2. Statistical Robustness
• Claim: The statistically significant result on ADAS-Cog13 is fragile and vulnerable to small changes in assumptions about missing data.
• Assessment: The analysis appears methodologically sound. The tipping point analysis demonstrates that small changes in assumptions (e.g., dropout bias) can render the positive result non-significant, especially under the EMA’s stricter p<0.025 threshold. That undermines the reliability of the finding.

3. Transparency Concerns
• Claim: There are signs of p-hacking, selective endpoint reporting, and unpublished Statistical Analysis Plan (SAP).
• Assessment: The failure to release a SAP and unexplained improvements in p-values over time (from 0.033 to 0.008 for ADAS-Cog13) are legitimate red flags. The attempt to reframe the CDR-SB (a secondary endpoint) as a substitute for a failed co-primary endpoint is not acceptable under standard regulatory practices.

4. Biomarker Evidence
• Claim: The drug failed to show meaningful changes in tau or neurodegeneration biomarkers (p-Tau, Nf-L), which severely weakens any claim of disease modification.
• Assessment: This conclusion is strongly supported. Lack of effect on tau and Nf-L contrasts with the biomarker signatures of approved agents like lecanemab and donanemab, both of which show strong, consistent effects on A/T/N markers.
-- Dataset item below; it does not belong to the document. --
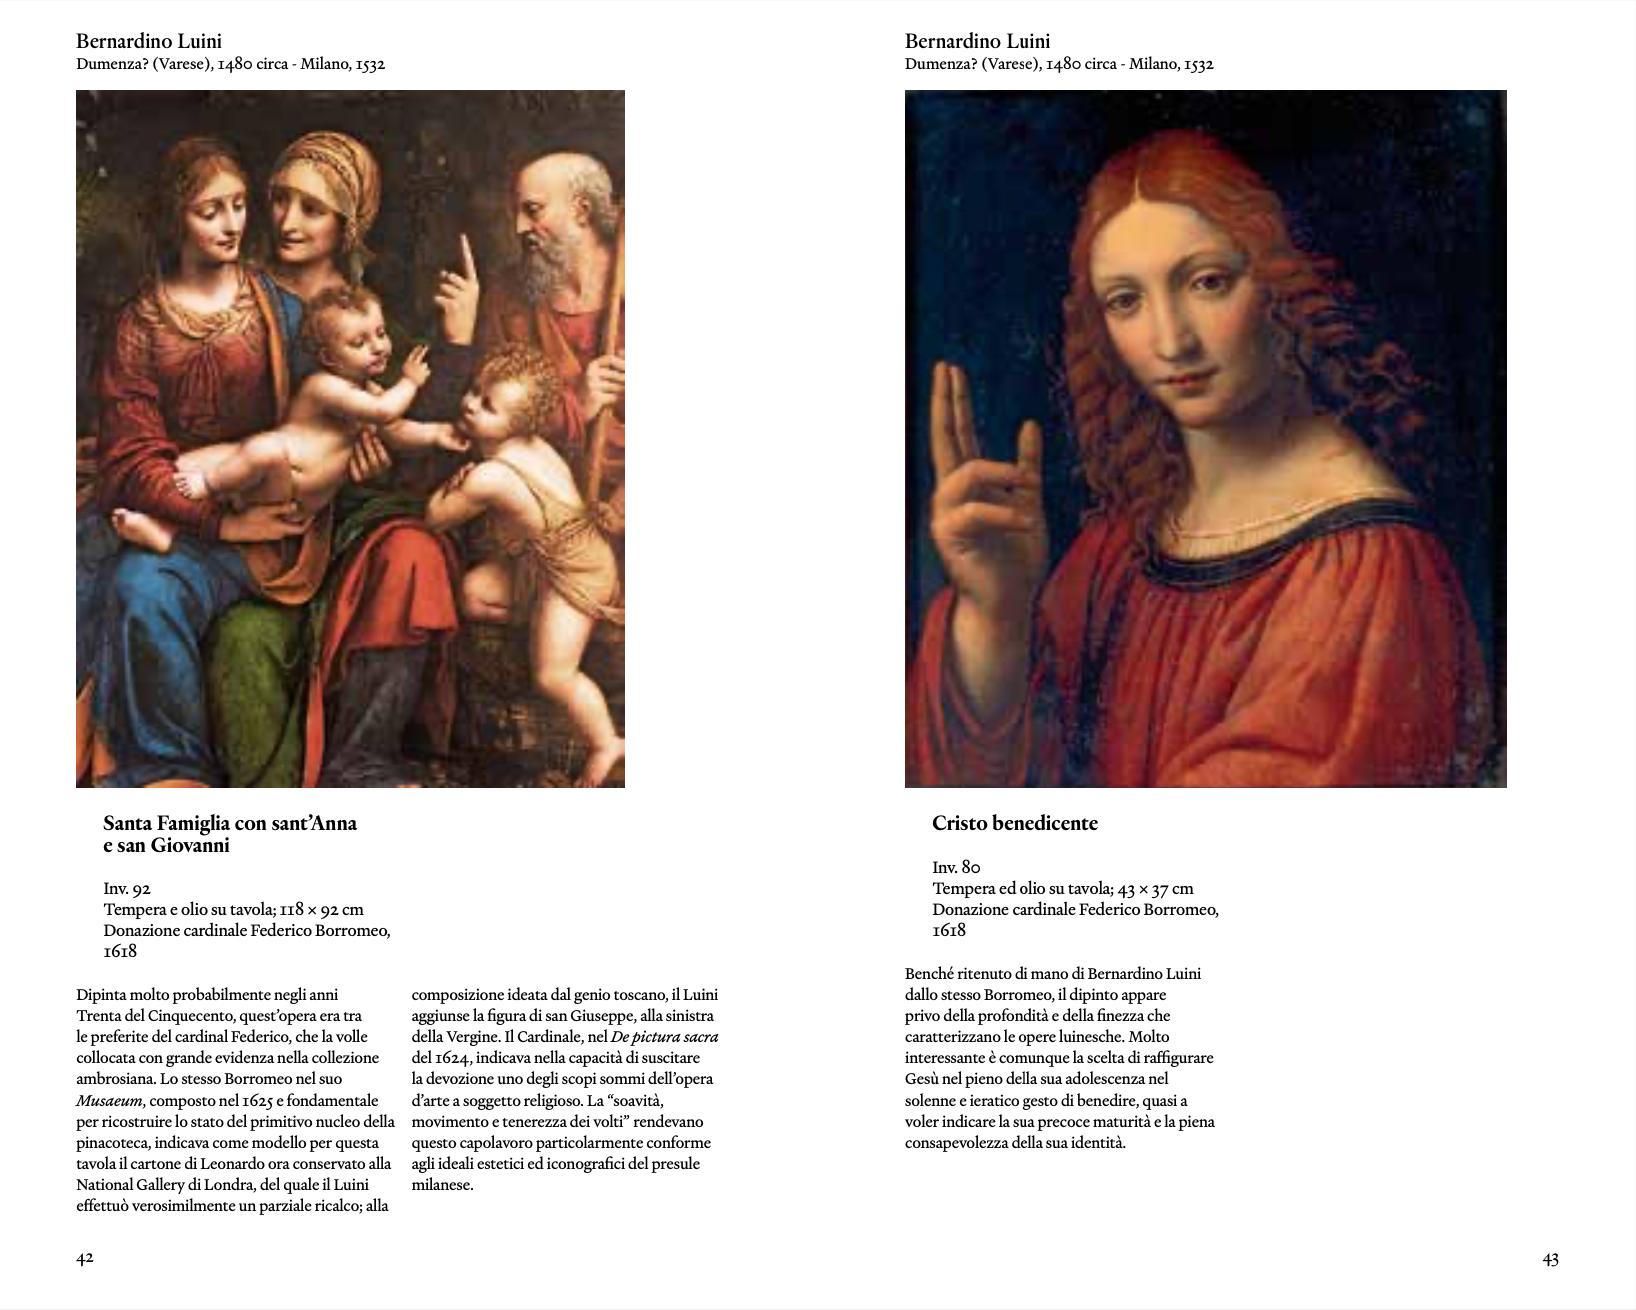 La guida della Pinacoteca Ambrosiana

5. Safety and Tolerability
• Claim: While the drug avoided ARIA, it caused high rates of neurological side effects, leading to significantly higher dropout rates (32% vs. 7% placebo), which could bias results.
• Assessment: The tolerability issue is clearly documented and aligns with standard concerns about differential dropout and functional unblinding, especially in trials with subjective outcome measures.

6. Regulatory Outlook
• Claim: Approval by EMA is highly unlikely given the data quality, partial efficacy, and weak biomarker evidence.
• Assessment: This conclusion is consistent with EMA’s precedent, particularly the March 2025 negative opinion on donanemab, which had stronger efficacy and biomarker data than Blarcamesine.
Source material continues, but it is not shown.